Brazil’s suspended President Dilma Rousseff has promised to call a referendum on early elections in a last-ditch effort to avoid impeachment.

The Senate is due to hold a vote on August 25 on whether to remove Rousseff from office on charges that she doctored fiscal accounts to get re-elected in 2014.

In a public letter to lawmakers and the people she repeated that her impeachment would amount to a coup.

“Those who can judge the president and remove the president for what she did, are the people and only the people, through elections.
I give my full support for a referendum, so the people can decide to call for early elections. And for political and electoral reform as well,” said Rousseff in her open letter.

While the vast majority of Brazilians didn’t approve of Rousseff’s administration in public opinion polls, many also have doubts over whether she should be forced from office.

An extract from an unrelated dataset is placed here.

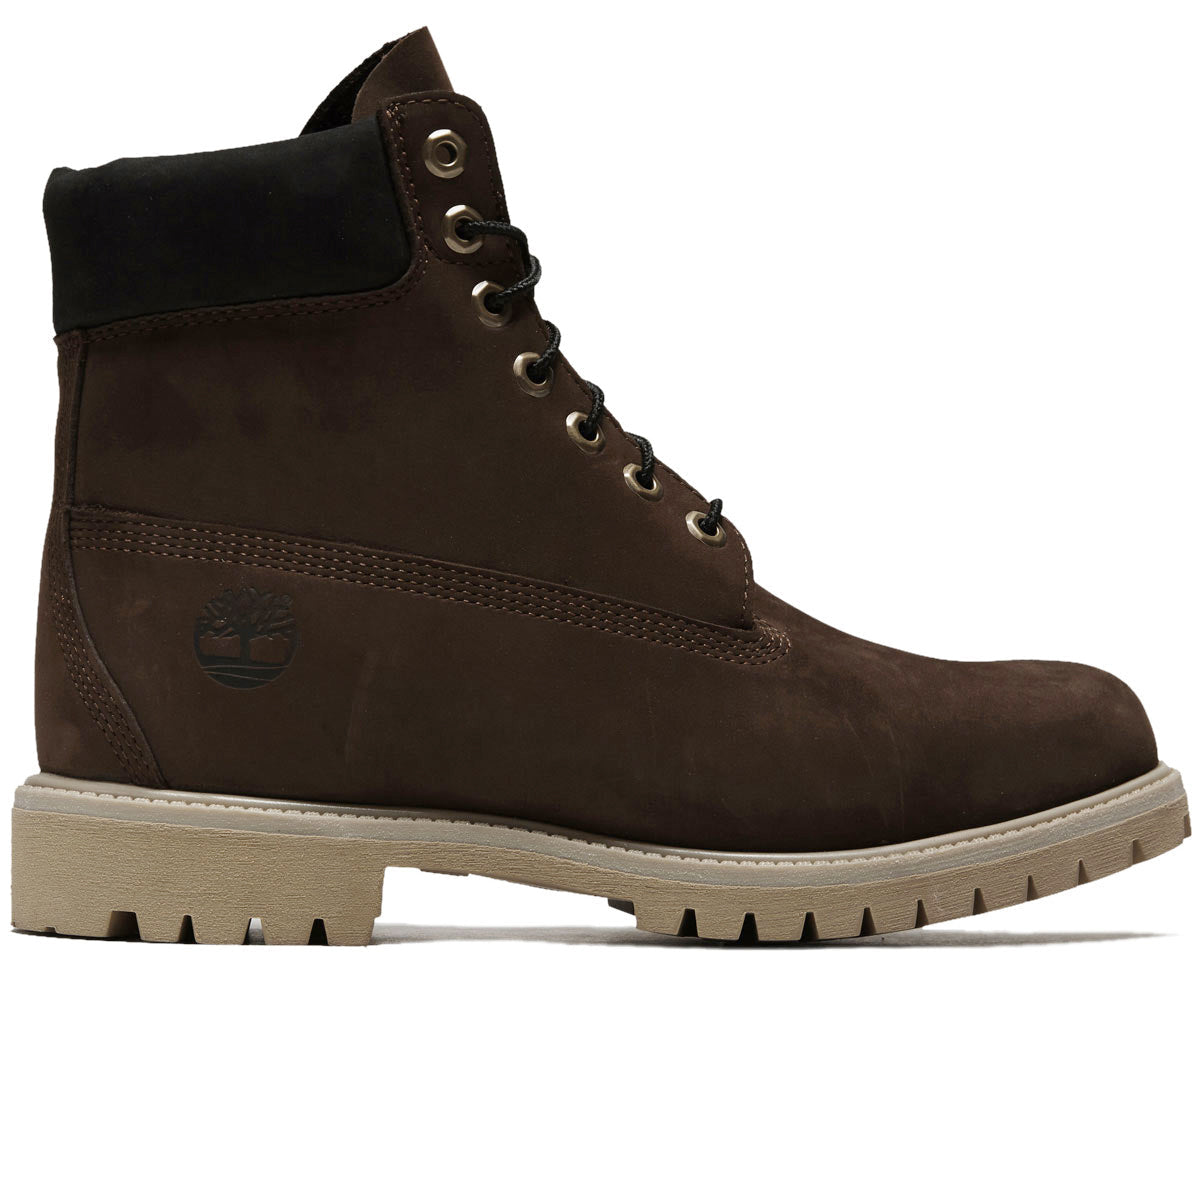 Timberland 6 Inch Premium Boots - Dark Brown Nubuck image 1

However Rousseff’s speech is unlikely to move her opponents in the Senate, which last week voted 59 to 21 to move forward with a trial, the final stage in a month-long process that has divided the nation and paralyzed its politics. A vote for her permanent removal, at the end of her trial, requires a two-thirds majority, or 54 votes.

If Rousseff is removed by the Senate, interim President Michel Temer will serve out the rest of her term until 2018.

In addition Rousseff and former President Lula da Silva are reportedly being investigated for allegedly obstructing a corruption probe linked to the oil giant Petrobras.

The move is likely to escalate pressure on the two leading political figures, whose Workers Party has been ensnared for months in an ongoing bribes-for-state contracts scandal known in Brazil as “Operation Car Wash.”